══ DATASET SECTION ══

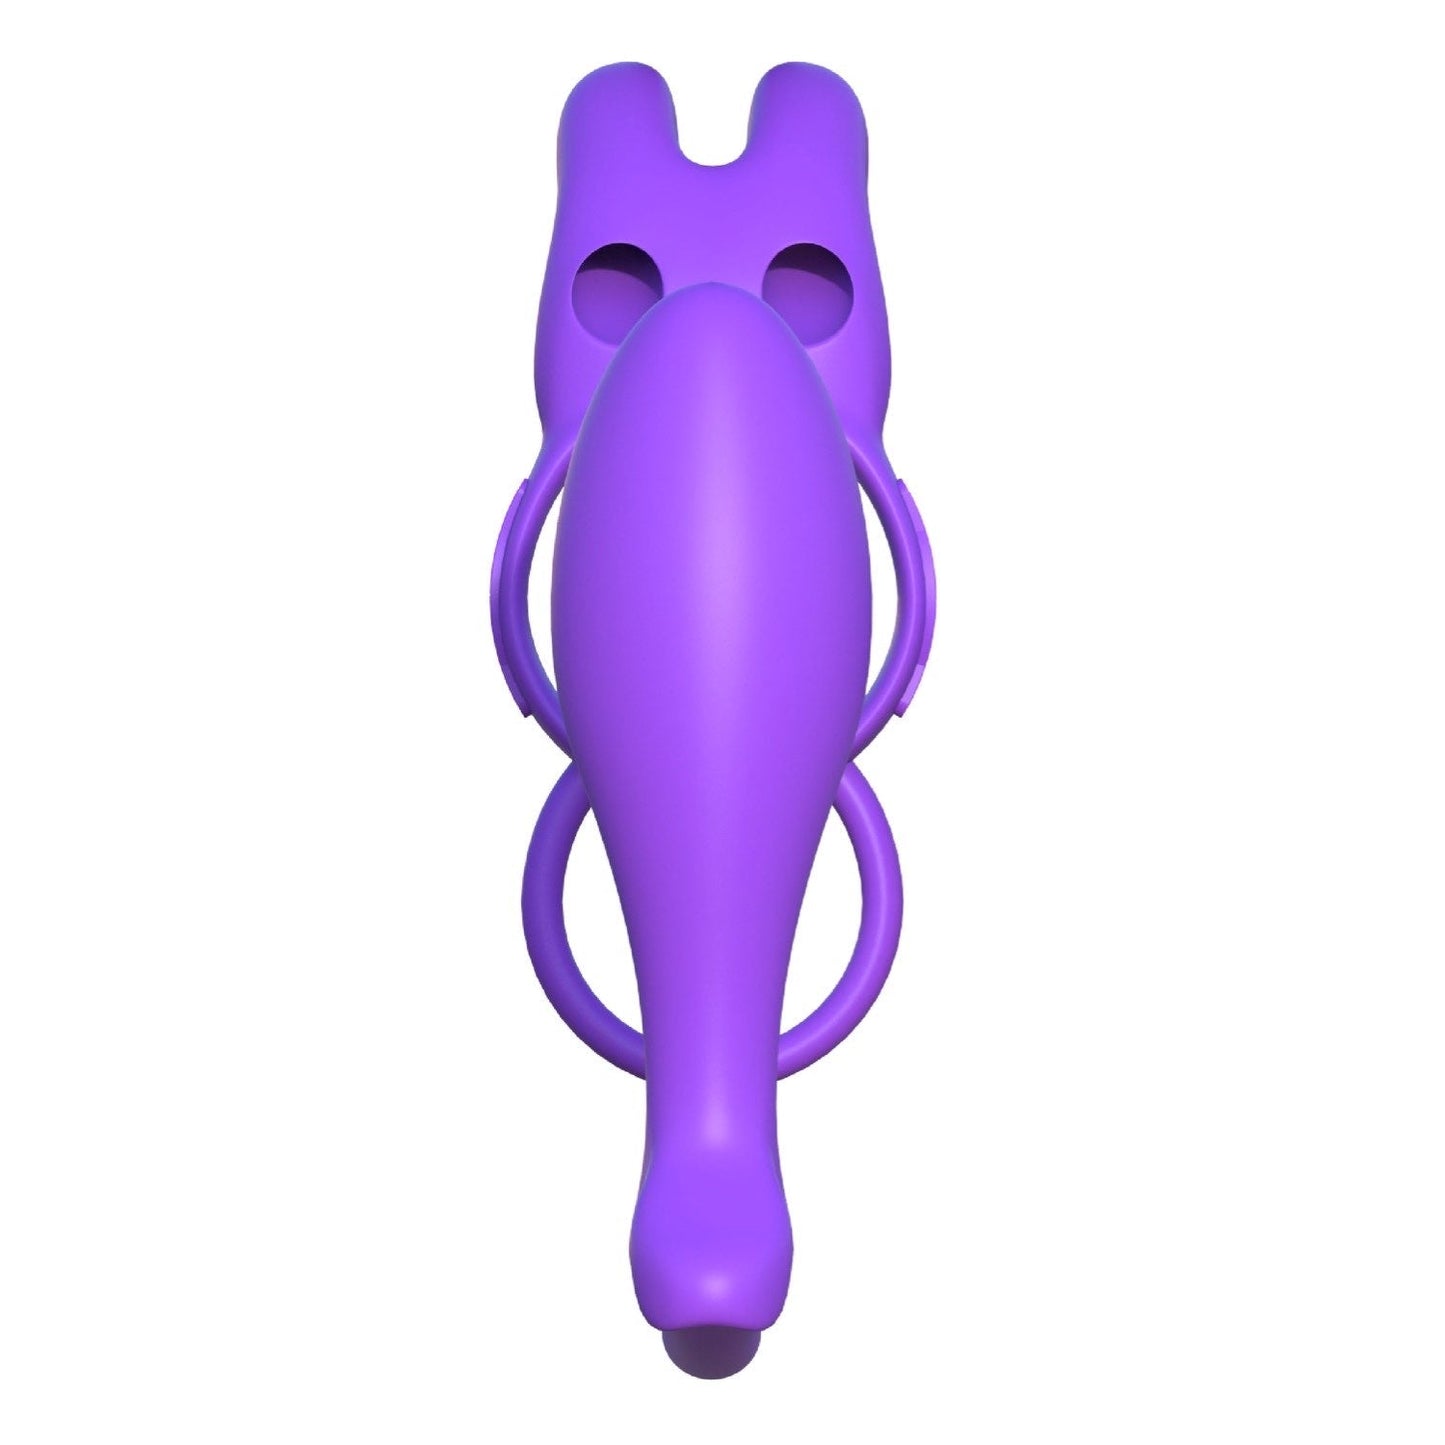 Fantasy C-ringz Ass-gasm Vibration Rabbit - 紫色振动公鸡环带肛门塞
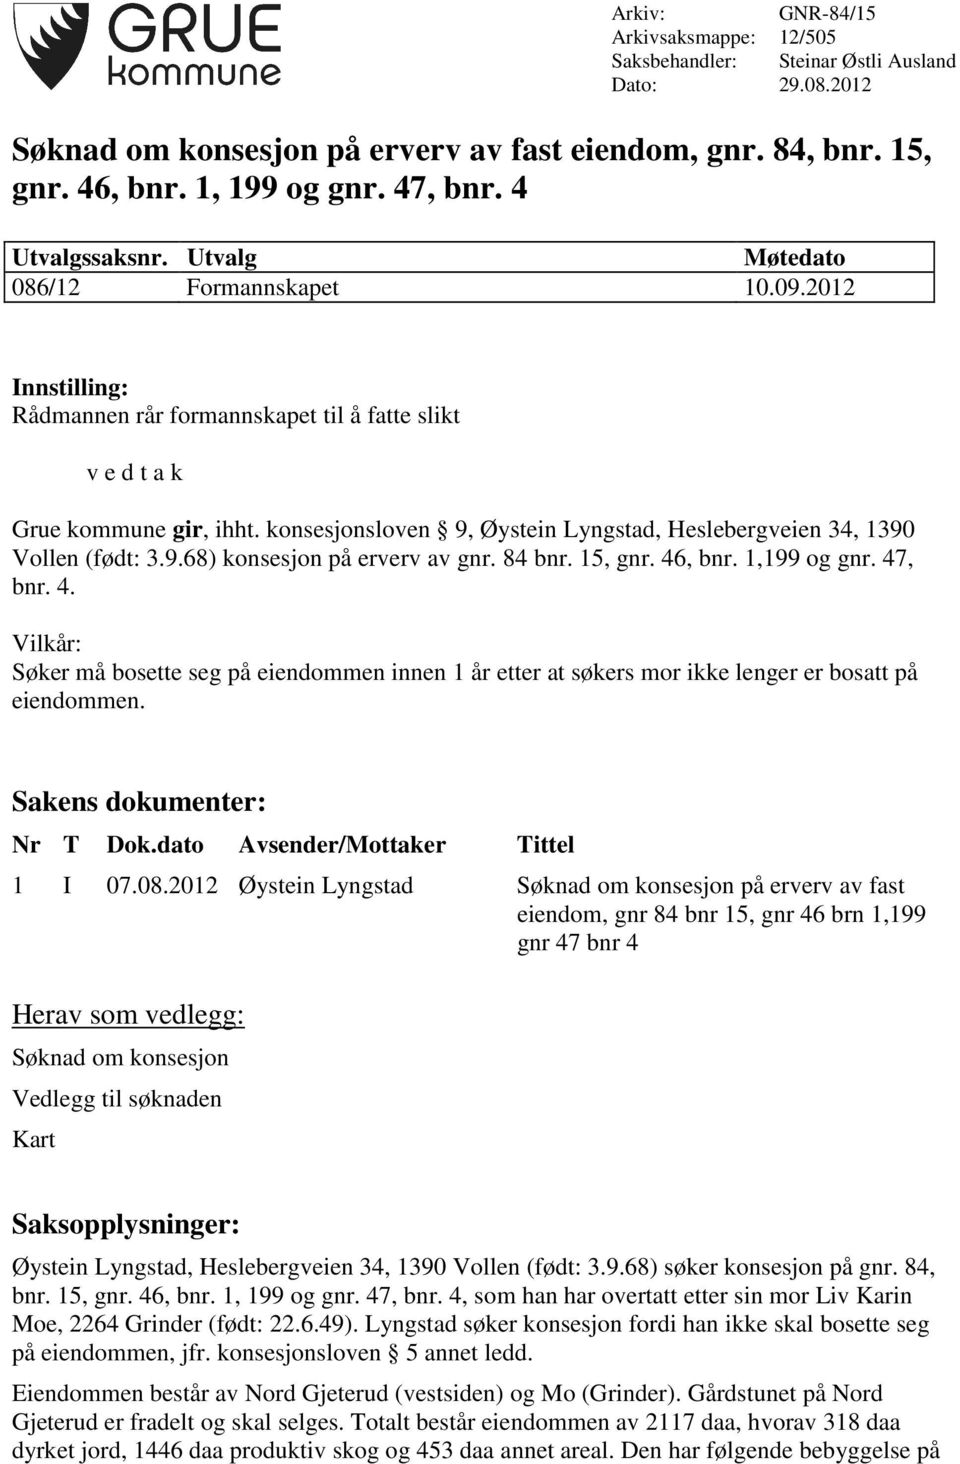 konsesjonsloven 9, Øystein Lyngstad, Heslebergveien 34, 1390 Vollen (født: 3.9.68) konsesjon på erverv av gnr. 84 bnr. 15, gnr. 46
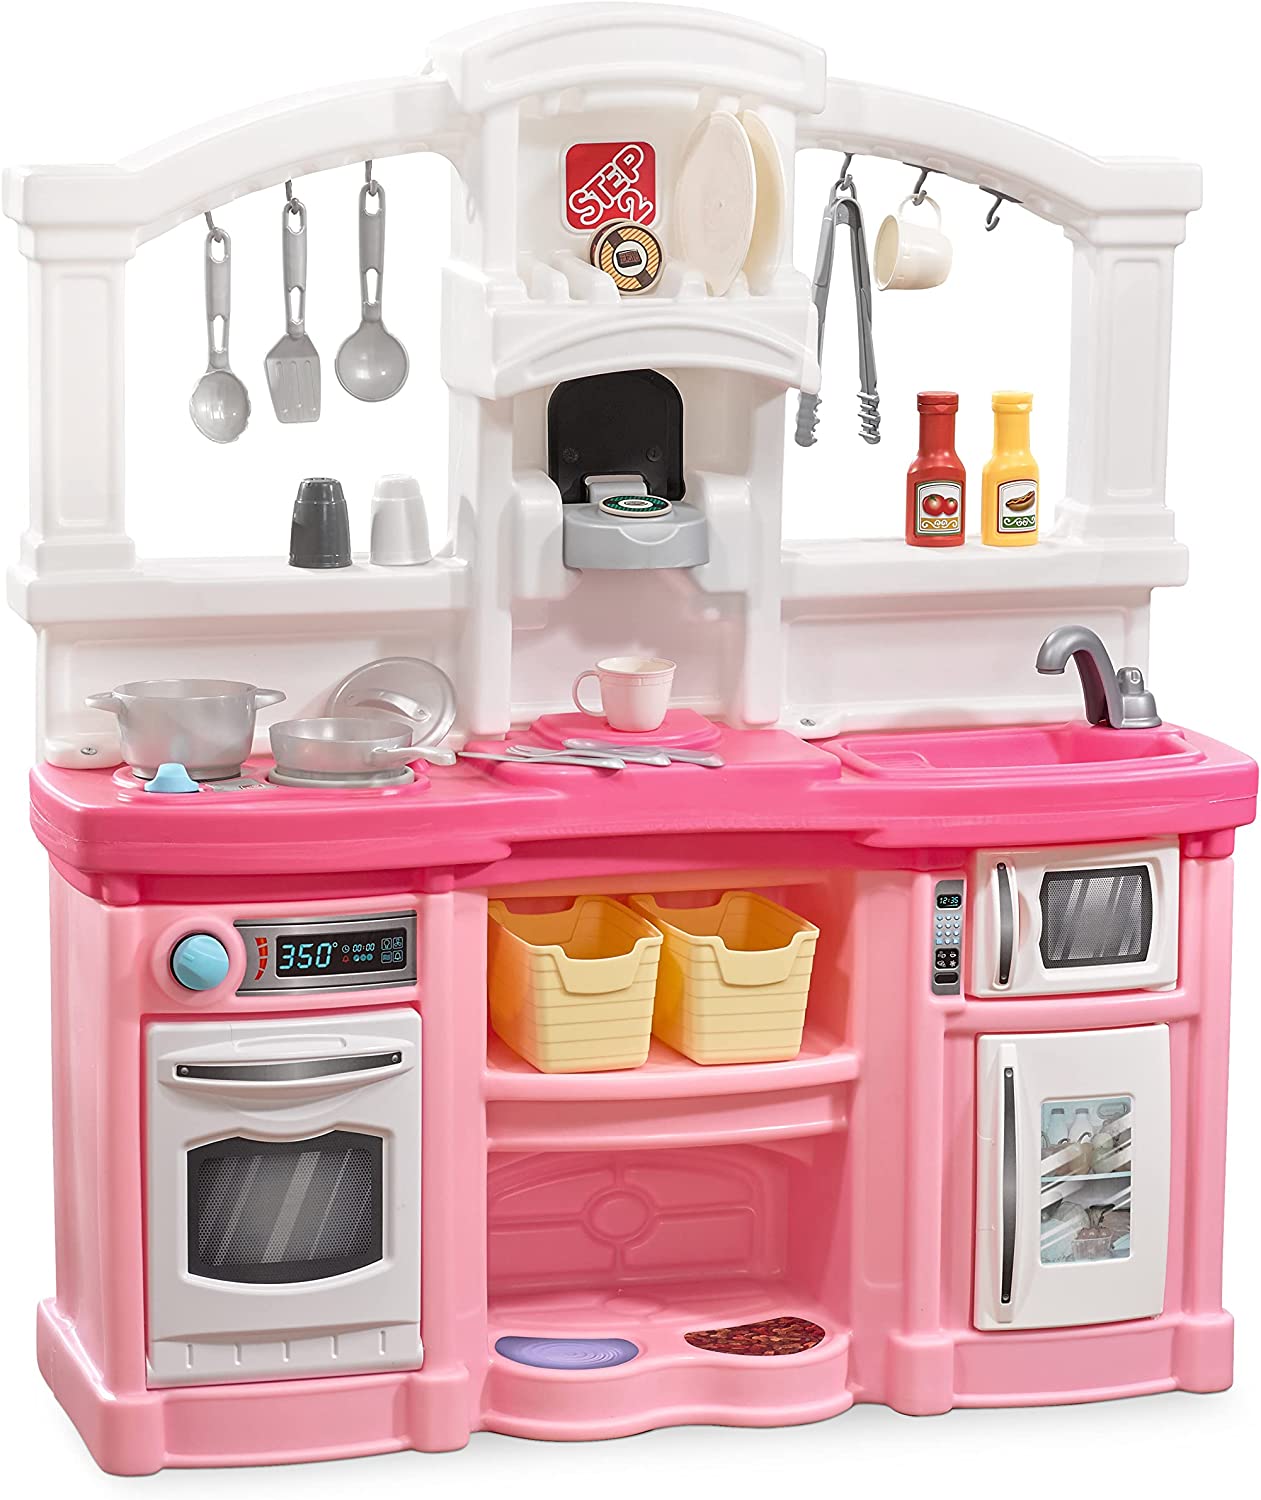 pink-kitchenware  Pink kitchen, Pink kitchen decor, Pink kitchen
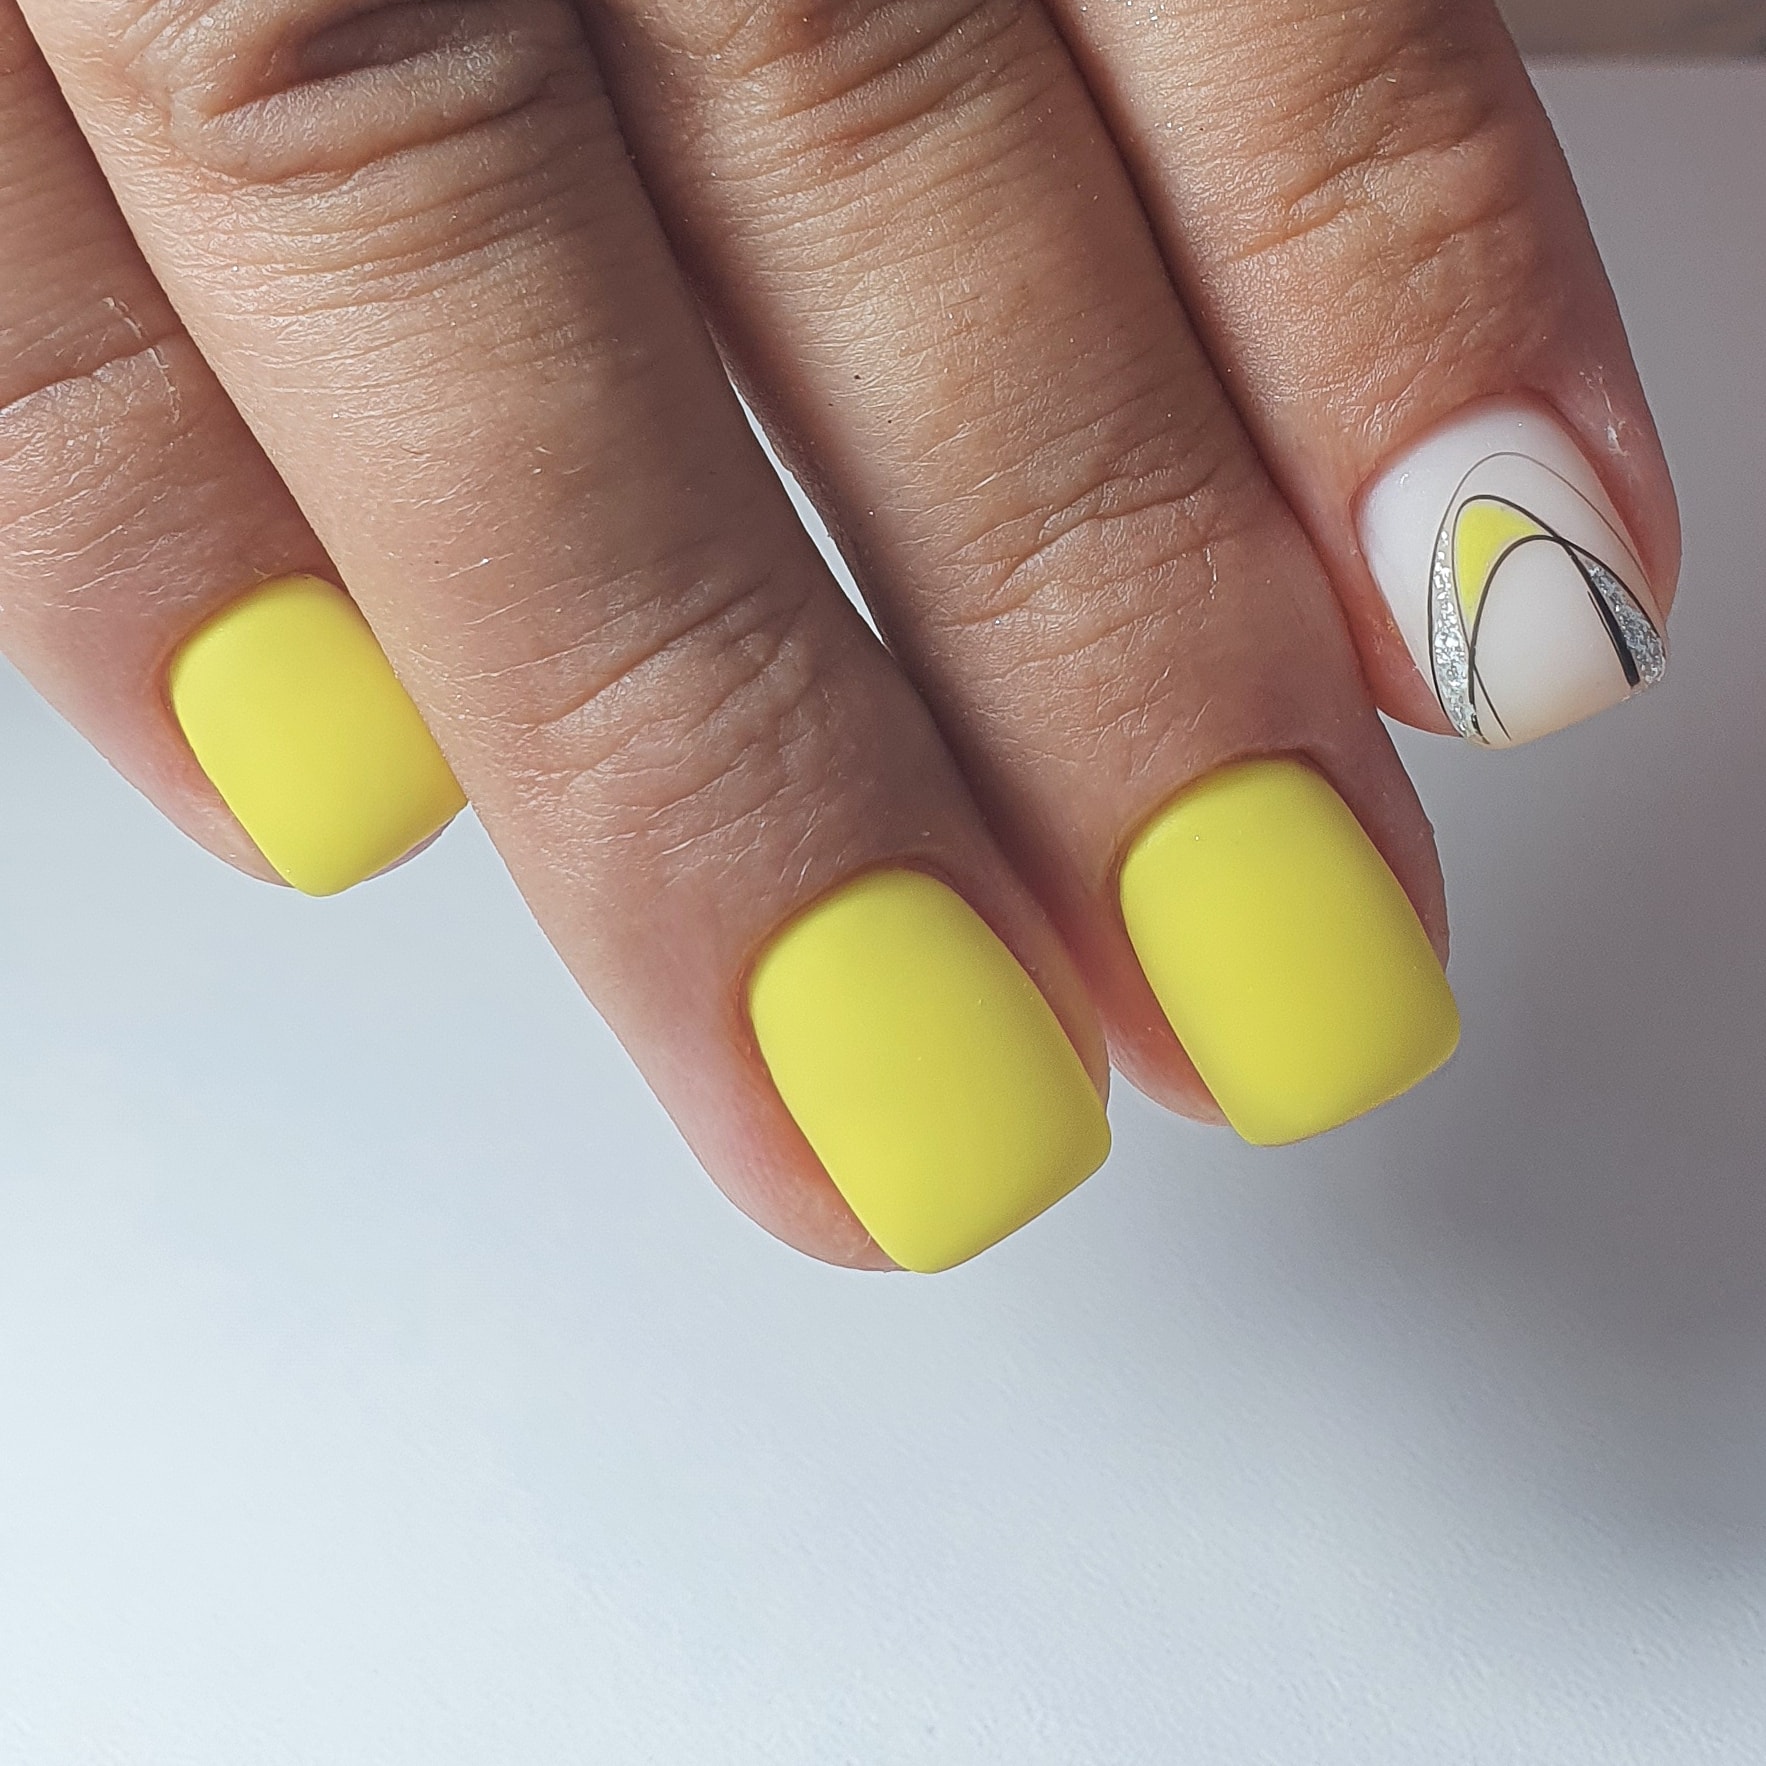 Матовый маникюр с паутинкой и блестками в желтом цвете на короткие ногти.

═══

## DIRECTIONS FOR THIS TASK
Nothing but the lines from the one holding "konsesjonsloven 9, Øystein" through the last line of the listing should appear in the answer, copied exactly and without pictures.

## YOUR RESPONSE
 konsesjonsloven 9, Øystein Lyngstad, Heslebergveien 34, 1390 Vollen (født: 3.9.68) konsesjon på erverv av gnr. 84 bnr. 15, gnr. 46
 pink-kitchenware  Pink kitchen, Pink kitchen decor, Pink kitchen
 Матовый маникюр с паутинкой и блестками в желтом цвете на короткие ногти.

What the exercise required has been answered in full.